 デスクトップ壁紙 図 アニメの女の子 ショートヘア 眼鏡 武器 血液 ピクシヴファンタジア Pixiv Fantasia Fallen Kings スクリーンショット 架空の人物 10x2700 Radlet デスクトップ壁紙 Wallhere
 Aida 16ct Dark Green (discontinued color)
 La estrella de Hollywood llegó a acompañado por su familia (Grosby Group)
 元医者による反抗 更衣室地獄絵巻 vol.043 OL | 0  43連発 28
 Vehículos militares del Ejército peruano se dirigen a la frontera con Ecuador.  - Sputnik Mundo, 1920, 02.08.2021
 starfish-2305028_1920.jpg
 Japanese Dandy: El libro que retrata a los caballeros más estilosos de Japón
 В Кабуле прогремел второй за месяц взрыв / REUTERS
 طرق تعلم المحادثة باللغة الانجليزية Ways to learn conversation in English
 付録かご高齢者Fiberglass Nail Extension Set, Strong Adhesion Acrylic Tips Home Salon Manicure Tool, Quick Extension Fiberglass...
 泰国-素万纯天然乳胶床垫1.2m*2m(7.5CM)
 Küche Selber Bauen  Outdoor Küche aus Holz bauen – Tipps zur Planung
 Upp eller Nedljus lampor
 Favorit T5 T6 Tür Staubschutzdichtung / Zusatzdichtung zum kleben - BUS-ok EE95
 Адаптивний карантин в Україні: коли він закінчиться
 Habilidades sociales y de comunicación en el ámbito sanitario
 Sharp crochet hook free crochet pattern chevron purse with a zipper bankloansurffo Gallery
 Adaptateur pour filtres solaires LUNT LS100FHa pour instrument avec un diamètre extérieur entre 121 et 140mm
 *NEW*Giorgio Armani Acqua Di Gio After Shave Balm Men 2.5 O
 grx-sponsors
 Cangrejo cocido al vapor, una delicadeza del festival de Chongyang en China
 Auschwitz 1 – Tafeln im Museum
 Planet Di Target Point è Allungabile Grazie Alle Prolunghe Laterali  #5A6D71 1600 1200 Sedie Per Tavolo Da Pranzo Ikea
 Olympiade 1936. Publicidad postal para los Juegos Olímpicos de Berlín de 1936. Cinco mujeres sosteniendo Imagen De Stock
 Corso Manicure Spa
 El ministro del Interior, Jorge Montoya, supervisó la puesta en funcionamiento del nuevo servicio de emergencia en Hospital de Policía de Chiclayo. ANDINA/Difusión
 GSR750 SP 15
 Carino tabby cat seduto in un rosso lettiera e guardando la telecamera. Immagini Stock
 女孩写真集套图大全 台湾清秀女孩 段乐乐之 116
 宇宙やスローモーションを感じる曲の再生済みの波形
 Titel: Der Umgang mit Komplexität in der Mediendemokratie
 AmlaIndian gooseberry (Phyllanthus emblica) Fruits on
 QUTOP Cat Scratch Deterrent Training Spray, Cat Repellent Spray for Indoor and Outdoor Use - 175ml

************

§ **Your assignment**
Look through the entries above; find each line with the word "Manicure" and copy it.

§ **Answer**
 付録かご高齢者Fiberglass Nail Extension Set, Strong Adhesion Acrylic Tips Home Salon Manicure Tool, Quick Extension Fiberglass...
 Corso Manicure Spa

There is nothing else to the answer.